Dataset entries
Content starts

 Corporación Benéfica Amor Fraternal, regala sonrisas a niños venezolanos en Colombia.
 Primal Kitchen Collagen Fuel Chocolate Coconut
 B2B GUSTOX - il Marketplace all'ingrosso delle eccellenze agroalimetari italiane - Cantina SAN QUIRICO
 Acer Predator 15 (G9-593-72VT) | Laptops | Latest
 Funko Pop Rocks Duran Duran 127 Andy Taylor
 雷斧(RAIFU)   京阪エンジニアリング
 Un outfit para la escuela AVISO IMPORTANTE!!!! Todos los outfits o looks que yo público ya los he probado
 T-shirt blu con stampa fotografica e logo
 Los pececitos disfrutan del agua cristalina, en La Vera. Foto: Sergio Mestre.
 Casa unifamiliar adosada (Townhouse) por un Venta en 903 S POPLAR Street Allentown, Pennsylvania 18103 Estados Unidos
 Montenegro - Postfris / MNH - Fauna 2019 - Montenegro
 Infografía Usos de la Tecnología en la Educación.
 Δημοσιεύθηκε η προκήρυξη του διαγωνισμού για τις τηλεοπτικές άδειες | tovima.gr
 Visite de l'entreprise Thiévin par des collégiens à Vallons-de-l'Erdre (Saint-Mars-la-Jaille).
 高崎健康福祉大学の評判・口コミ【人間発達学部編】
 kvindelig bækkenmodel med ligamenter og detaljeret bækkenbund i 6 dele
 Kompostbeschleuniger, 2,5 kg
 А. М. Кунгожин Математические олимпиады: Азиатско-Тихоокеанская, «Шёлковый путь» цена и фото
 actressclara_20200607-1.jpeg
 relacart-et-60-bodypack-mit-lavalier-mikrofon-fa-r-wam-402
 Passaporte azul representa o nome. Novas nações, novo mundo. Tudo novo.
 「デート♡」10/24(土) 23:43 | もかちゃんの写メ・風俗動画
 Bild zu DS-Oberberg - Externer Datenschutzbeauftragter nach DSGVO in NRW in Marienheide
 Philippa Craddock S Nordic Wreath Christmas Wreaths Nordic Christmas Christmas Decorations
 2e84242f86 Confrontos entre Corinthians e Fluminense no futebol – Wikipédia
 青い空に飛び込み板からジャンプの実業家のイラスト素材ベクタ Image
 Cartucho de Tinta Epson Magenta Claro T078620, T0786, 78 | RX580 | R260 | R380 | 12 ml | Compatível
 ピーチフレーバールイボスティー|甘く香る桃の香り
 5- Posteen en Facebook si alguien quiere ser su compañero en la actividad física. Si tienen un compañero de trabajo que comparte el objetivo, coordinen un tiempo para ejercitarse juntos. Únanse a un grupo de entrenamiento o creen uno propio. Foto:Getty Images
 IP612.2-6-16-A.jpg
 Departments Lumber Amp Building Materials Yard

Content ends

WHAT NEEDS TO BE DONE
Your answer should be the lines above, from the line containing "Funko Pop Rocks Duran Duran 127 Andy Taylor" up to and including the line containing "Casa unifamiliar adosada", reproduced exactly and with nothing else.

SOLUTION FOR THIS PROBLEM
 Funko Pop Rocks Duran Duran 127 Andy Taylor
 雷斧(RAIFU)   京阪エンジニアリング
 Un outfit para la escuela AVISO IMPORTANTE!!!! Todos los outfits o looks que yo público ya los he probado
 T-shirt blu con stampa fotografica e logo
 Los pececitos disfrutan del agua cristalina, en La Vera. Foto: Sergio Mestre.
 Casa unifamiliar adosada (Townhouse) por un Venta en 903 S POPLAR Street Allentown, Pennsylvania 18103 Estados Unidos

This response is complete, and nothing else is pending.